Er...does anyone know who our allies are in Libya? I mean, who precisely are we supporting here? Doubtless there are loads of Jeffersonian democrats, adherents to limited government, and scrupulous separators of mosque and state holed up in Benghazi (or wherever they are). Have we identified them yet?
formerly VELIMIR (before that, Spitvalve)

"Who knows not strict counterpoint, lives and dies an ignoramus" - CPE Bach

Florestan

Quote from: Velimir on March 22, 2011, 05:52:12 AM
Er...does anyone know who our allies are in Libya? I mean, who precisely are we supporting here? Doubtless there are loads of Jeffersonian democrats, adherents to limited government, and scrupulous separators of mosque and state holed up in Benghazi (or wherever they are). Have we identified them yet?

Never ever let common sense, realism and cautiousness stay in the way of "the enemy of my enemy is my friend" --- even if you end up having the wrong "friend", he'll have plenty of enemies as well.  ;D
"Beauty must appeal to the senses, must provide us with immediate enjoyment, must impress us or insinuate itself into us without any effort on our part." - Claude Debussy

Lethevich

Quote from: Il Conte Rodolfo on March 22, 2011, 05:38:48 AM
Wait a minute! Didn't some US general in charge of the operations make known to the world yesterday that the bombings were "very effective"? Then how come Gaddafi can still shell cities?

Human shields. The mandate is to establish a no fly zone, and that was fully successful - that statement is just PR. The no fly zone is the easy part. Technically and legally they are not supporting the rebels, and to keep up that appearance will be the main challenge.

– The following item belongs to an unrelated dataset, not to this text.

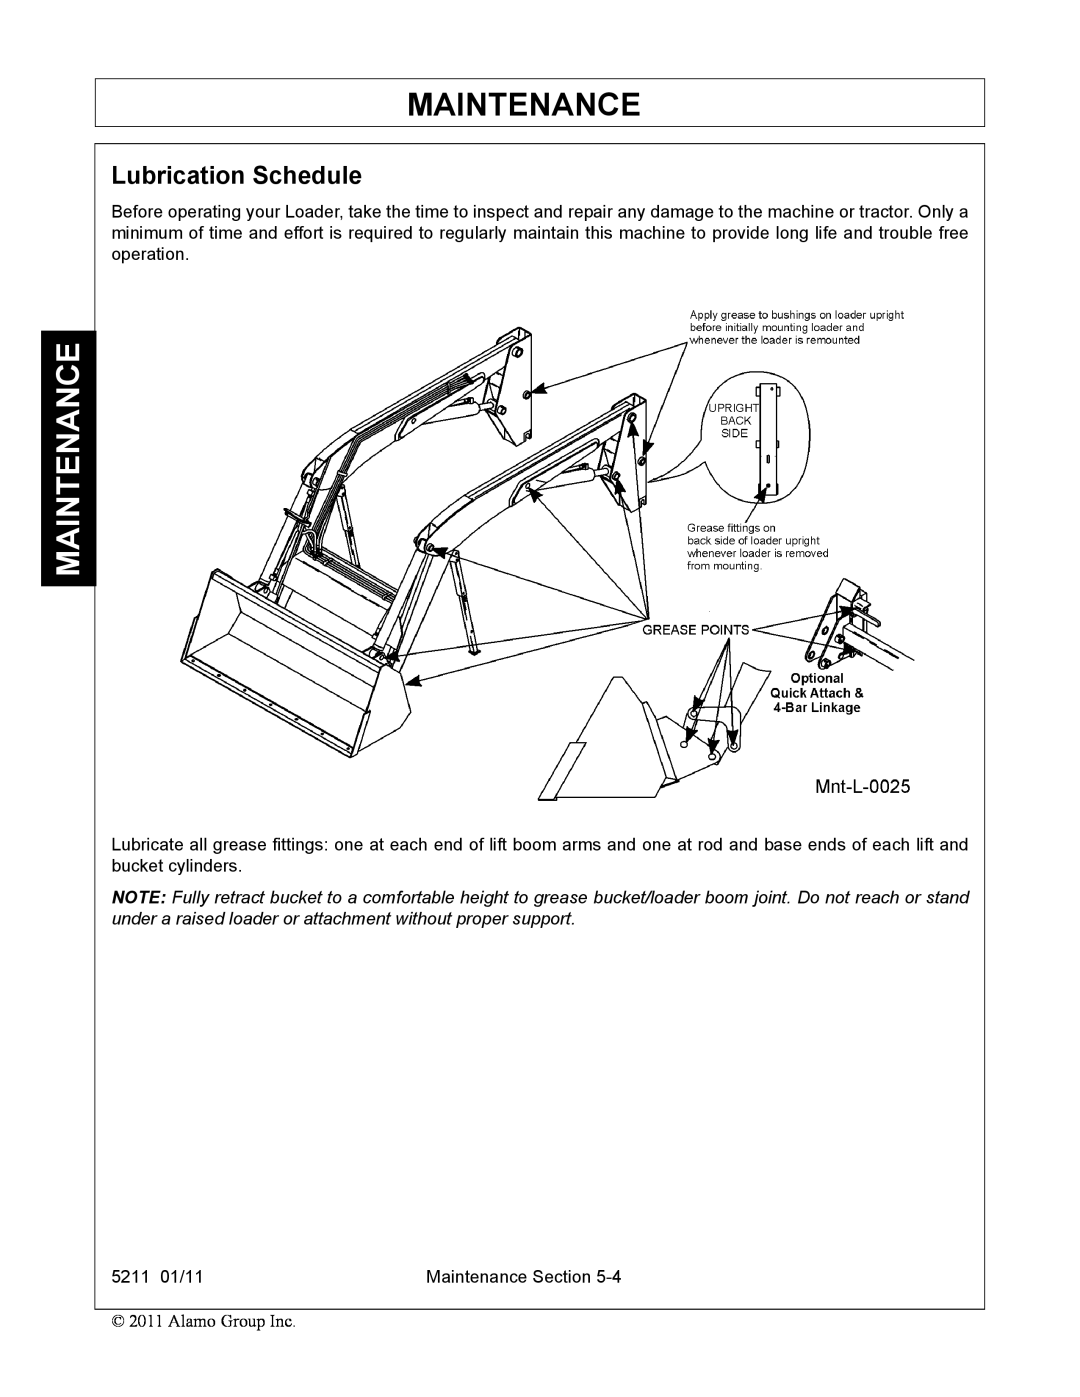 Servis-Rhino 5211 manual Maintenance, Lubrication Schedule 
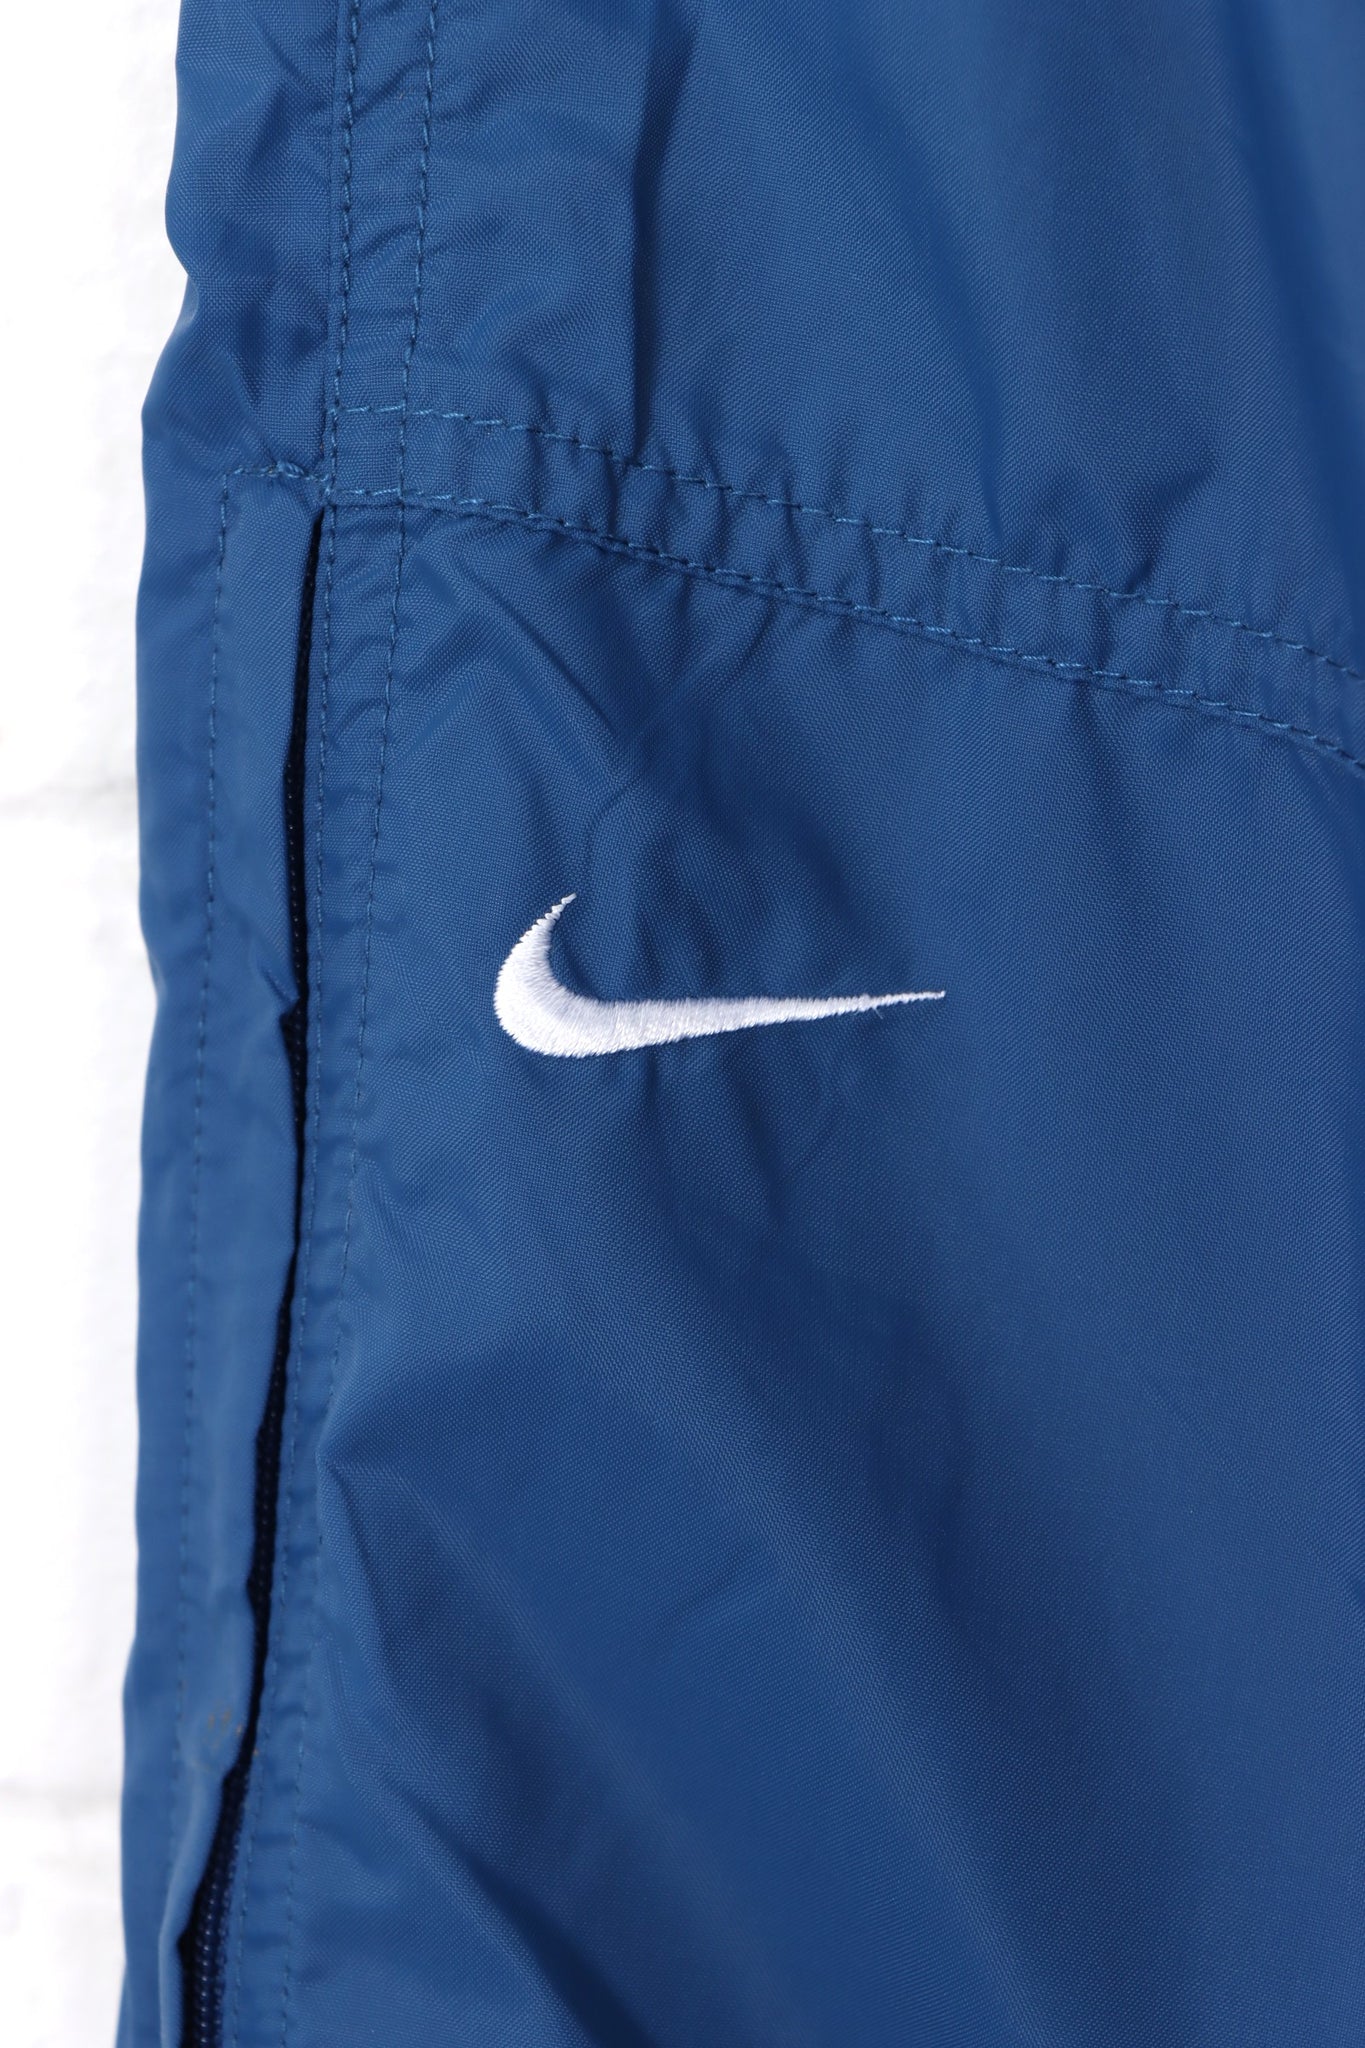 Vintage 1990s Nike Navy Blue Lined Nylon Track Pants

Clearly outside of mandates it is highly desirable that Gaddafi goes, and as a result there is a theoretical desire for the rebels to succeed in fighting his forces off. What the air forces can do is destroy supply chains and hope that the rebels are able to take care of the forces currently in or near the cities.
Peanut butter, flour and sugar do not make cookies. They make FIRE.

Florestan

Quote from: Lethe Dmitriyevich Shostakovich on March 22, 2011, 06:19:46 AM
it is highly desirable that Gaddafi goes

For whom?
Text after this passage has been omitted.